Mark Kadzielawa of Illinois Entertainer recently conducted an interview with legendary guitarist Michael Schenker (UFO, SCORPIONS). A couple of excerpts from the chat follow below.

llinois Entertainer: I've had the pleasure of interviewing you in the last 15 years or so, but I've never seen you as happy as I see you now. So, what is going on in your life these days?

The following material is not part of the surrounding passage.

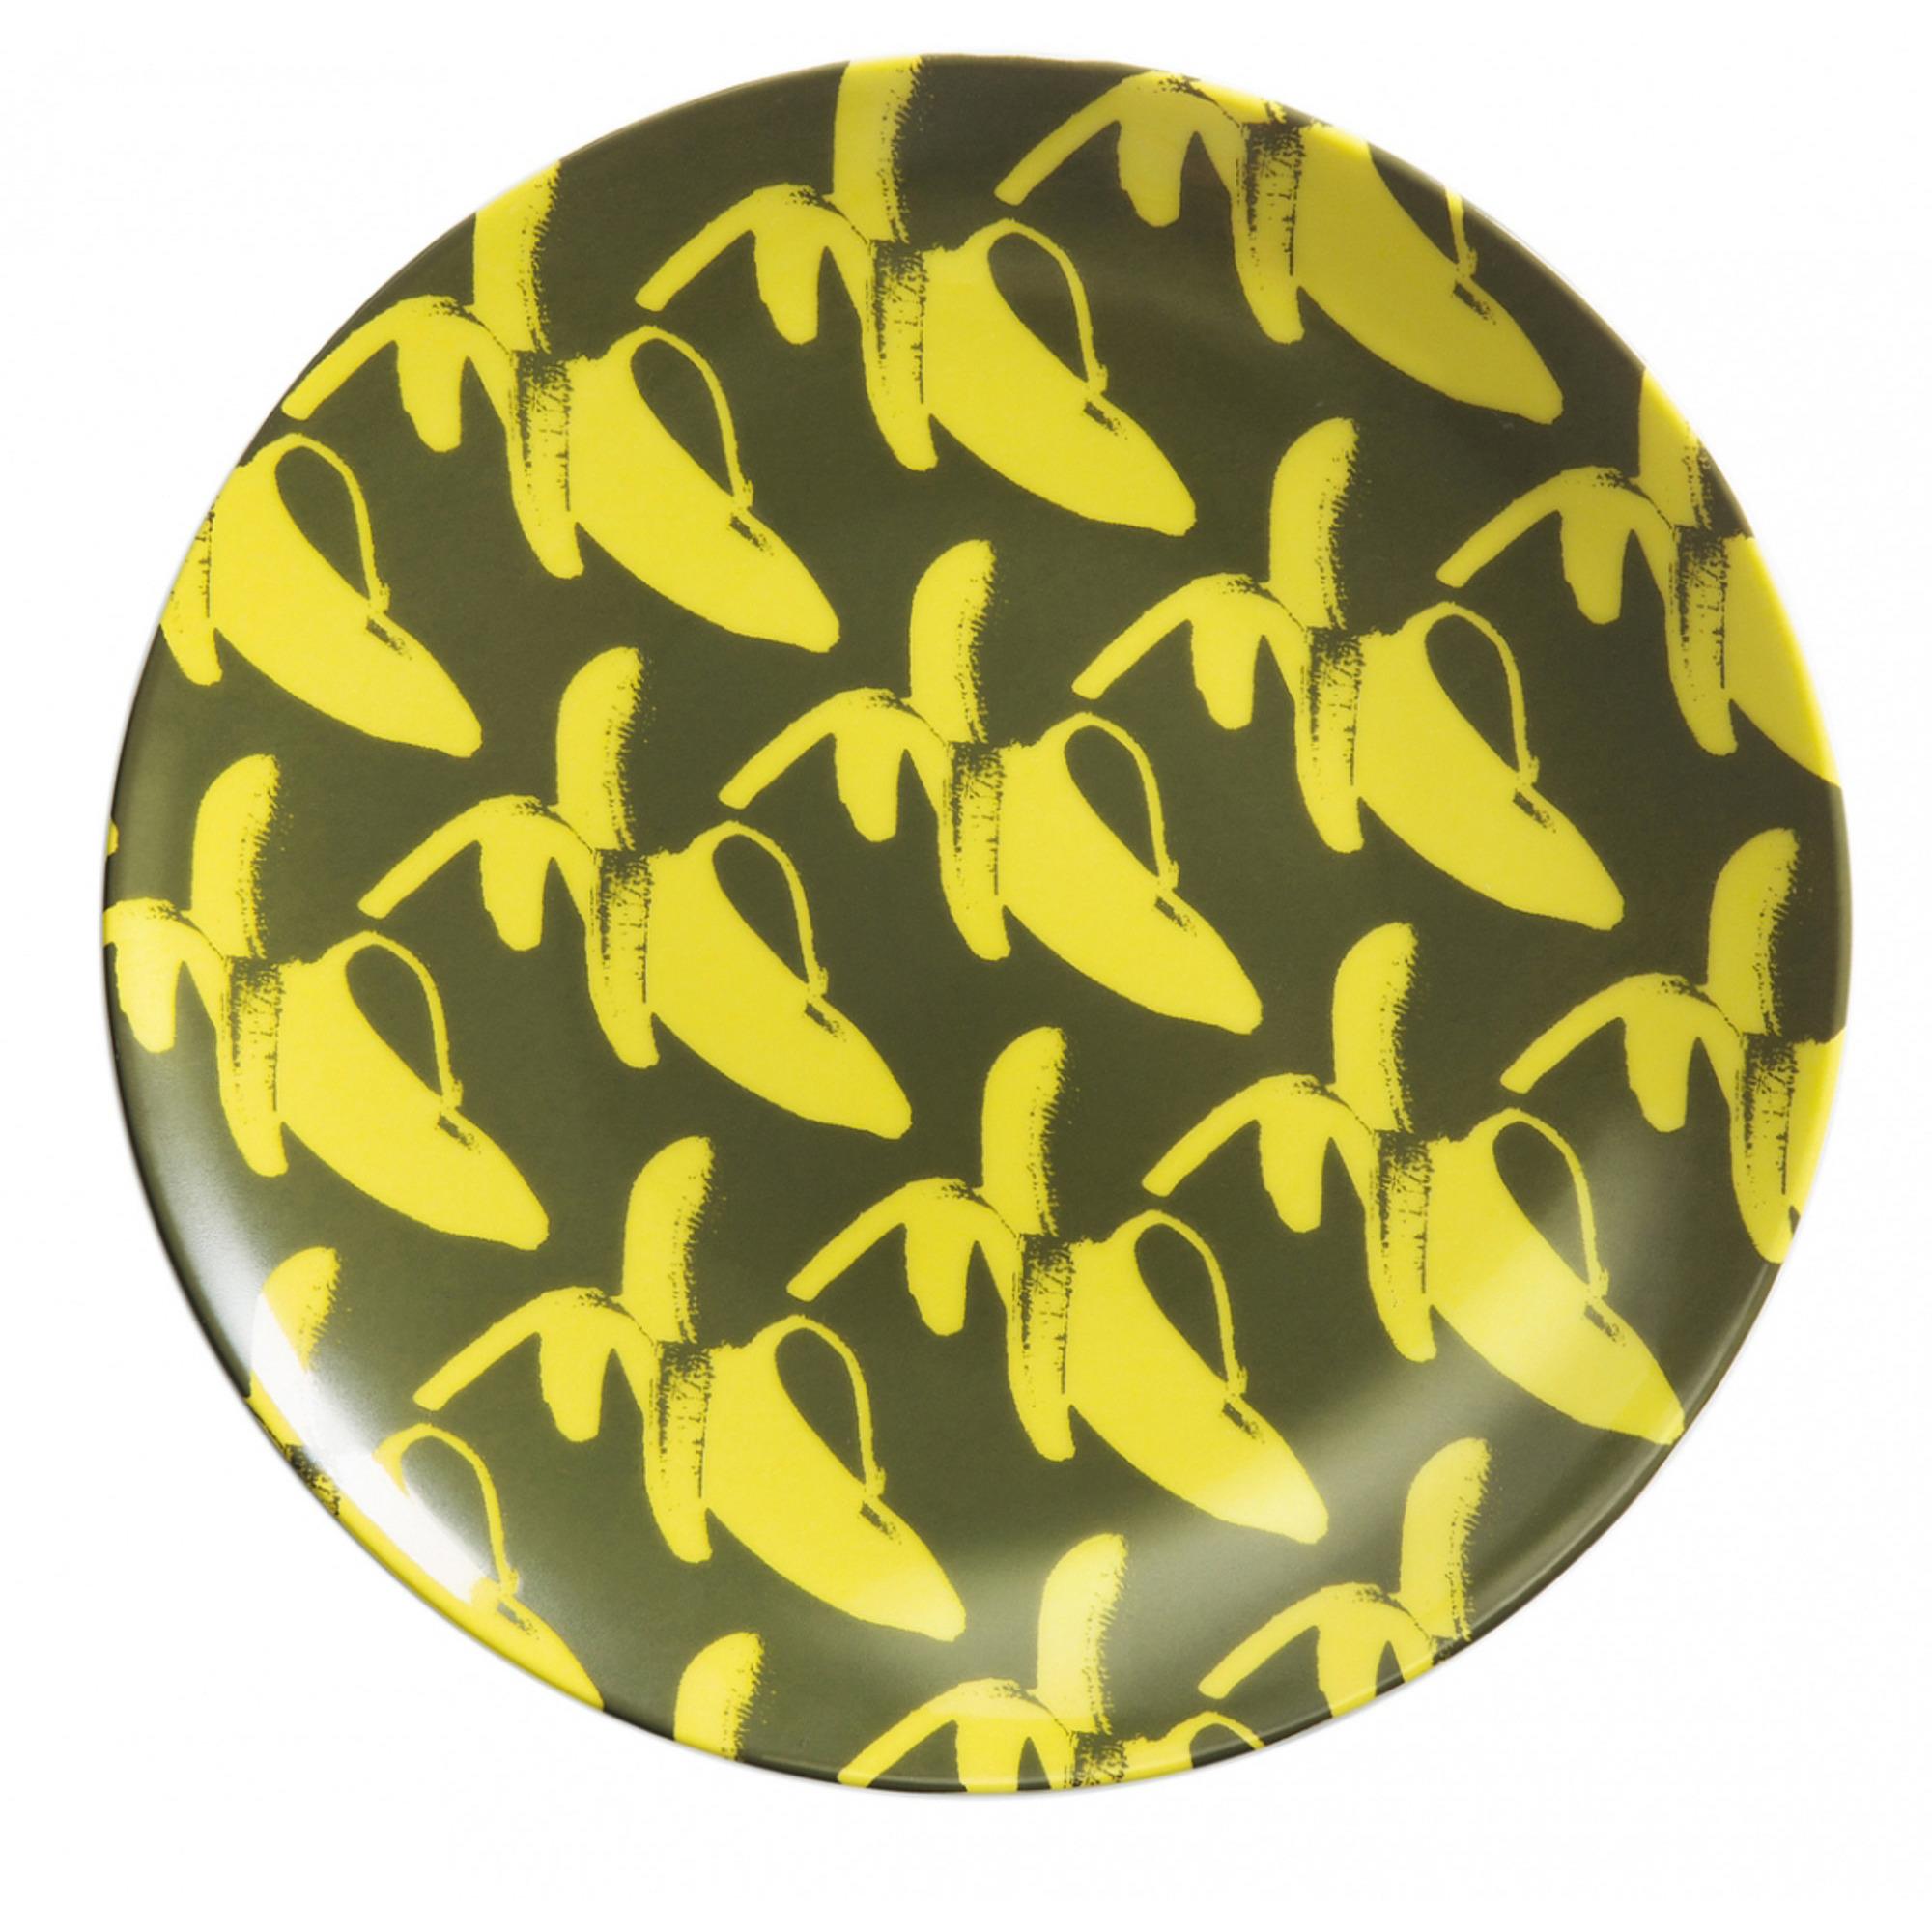 Lisa Bengtsson Porslinstallrik 20 cm GO BANANAS! Yellow Fellow

Michael Schenker: Looking back, I can clearly see three stages in my life. The first part of my life was developing as a musician, as a guitarist. That was my focus point; I was focusing on self-expression all the way up to "Strangers In The Night" album. Which would be around 1980, and then I started MICHAEL SCHENKER GROUP. That band was designed for working on my timing and experimenting at my own pace, just kind of doing things I felt I needed to do. Then in 1990, I started to withdraw completely from the entire industry machine. I got my own recording studio, and focused on experimenting musically again, and getting into playing more acoustic. I had to focus on all those things that were in my system, and I needed to get them out. I needed to satisfy any musical desires that I had. There were thing that I couldn't have done with the SCORPIONS, or OZZY OSBOURNE, or DEEP PURPLE, or all the other bands that asked me to join them. So, I just needed to develop and experiment. Develop on a musical level and a personal one. That middle section of my life, the developing on the personal level, was the battle ground. The action was needed in order to get somewhere, and to learn things. A round 2008, when I started "In The Midst Of Beauty" record, I started to develop an incredible liking for playing live. I couldn't understand that, but I figured that I just needed to celebrate the era of rock music that I come from. And it's an era that started with LED ZEPPELIN and DEEP PURPLE, and BLACK SABBATH, and so on. They laid the foundations for that era. The '70s were the pillars, the '80s were the bricks and the clay, and now we're coming to the roofing. People like Gary Moore, and Ronnie James Dio, and Lou Reed pass away, and sooner or later we're all just a memory. My dad used to be an engineer, he was building houses, and every time he came to the roofing part, there would be a big celebration. So that's what it feels like to me, where I'm at. So, having done all the work in the middle years of my life, I'm now back in the loop of rock and roll celebrating that era of rock.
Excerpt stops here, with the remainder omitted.